Don’t forget to hydrate
You’re going to burn through a lot of calories at Walt Disney World. You should expect to walk at least 10,000 steps a day. Don’t be surprised if it’s a lot more. I average about 25,000 steps every day I’m at the parks.
I say all of this to emphasize the importance of replenishing. You’re going to run dry while you’re doing all of this walking. While scientists are on the fence about whether drinking 64 ounces of water is the correct daily intake, it’s a fair guess.
When you’re burning so many calories, you should use that total as the bare minimum. Shooting for 80 ounces is a good idea. Bring your own water bottles if you don’t want to pay Disney mark-up. Otherwise, add a few dollars to your budget to buy bottled water several times throughout the day. Otherwise, you’ll get dehydrated and dizzy, which isn’t the way you want to feel at Disney.
Don’t forget to snack
This statement goes hand in hand with the one above, but it’s important enough to deserve a complete thought. When you’re burning all of those calories, you have to add more fuel. Otherwise, you’ll face fatigue issues throughout your trip.
Your snacking needs to have a bit of strategy behind it. Don’t always think with your stomach. Many of the sweetest treats at Walt Disney World, while delicious, aren’t great for sustenance. Remember to choose a few savory snacks, too. Fruit cups are also great. Even pretzels are a viable option as long as you skip the cheese. Actually, you’re at Disney. You might as well add the cheese and live a little.
PS: When you really need a quick protein pack, grab a giant turkey leg. Those things are a thousand calories packed into 20 (huge) bites.
Don’t ignore Disney Springs
One of the mystifying aspects of inexperienced Disney guests is their lack of awareness about Disney Springs. Park planners call it the entertainment district.
Just think about the lexicon for a moment. Walt Disney World is One Big Happy in vacation form. And these same people who constructed it refer to Disney Springs as the entertainment district! Why wouldn’t you want to visit such a phenomenal place?
At Disney Springs, you’ll have a wealth of dining options, and your wallet will cringe at the sheer volume of shops. But there’s more! You’ll also have access to shows and live concerts, and you can even catch a movie at the glorious first-run theater here. This entertainment district is the ultimate for your stomach, and it’s great when you’re in need some retail therapy, too.
Don’t get mega-drunk at the World Showcase
Speaking of the ultimate, your hometown doesn’t have anywhere near the number of quality bars (and their equivalent) that you’ll find at Epcot’s World Showcase. I don’t care if you’re from Vegas.
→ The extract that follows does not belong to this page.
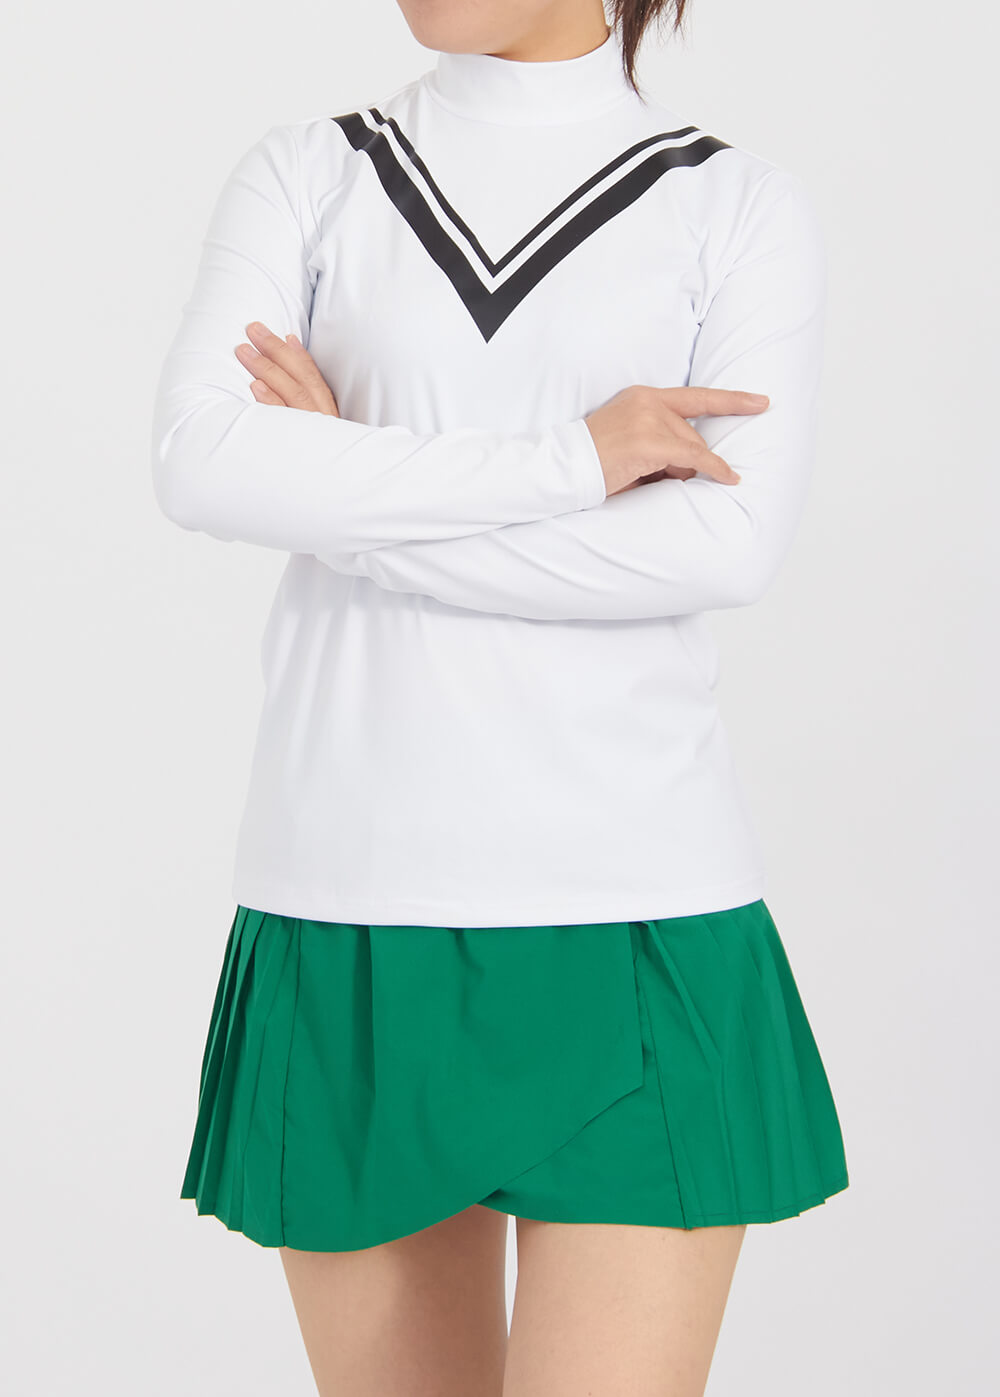 New Tennis Golf Clothing Sets Long Sleeves Top and Tennis Skirts

The standalone counter service places that serve drinks are great. The bars at the various pavilions are that much better, and even the restaurants have some sublime wine and craft beer options. And then there’s the drinking available at the Epcot International Food & Wine Festival. The key word there is clearly wine, as it signifies that the World Showcase is the perfect place to go and get your drink on.
Simply stated, you can get super-duper drunk at the World Showcase. I’m talking about viral video Hall of Fame drunk, the kind of drunk that your friends will never let you forget for the rest of your life. Before you start thinking about how fun that sounds, now remember where you are.
As mentioned in the second section, Walt Disney World is the place where dreams come true for kids. Yes, Epcot skews more adult, but you’ll still see plenty of kids as the park approaches closing time. Putting it another way, kids children will be around the entire time you’re at the World Showcase.
Do you really want to be the jerk that ruins some kid’s trip by getting drunk? Exercise some discretion in your drinking, my friends. You’re doing a commendable public service.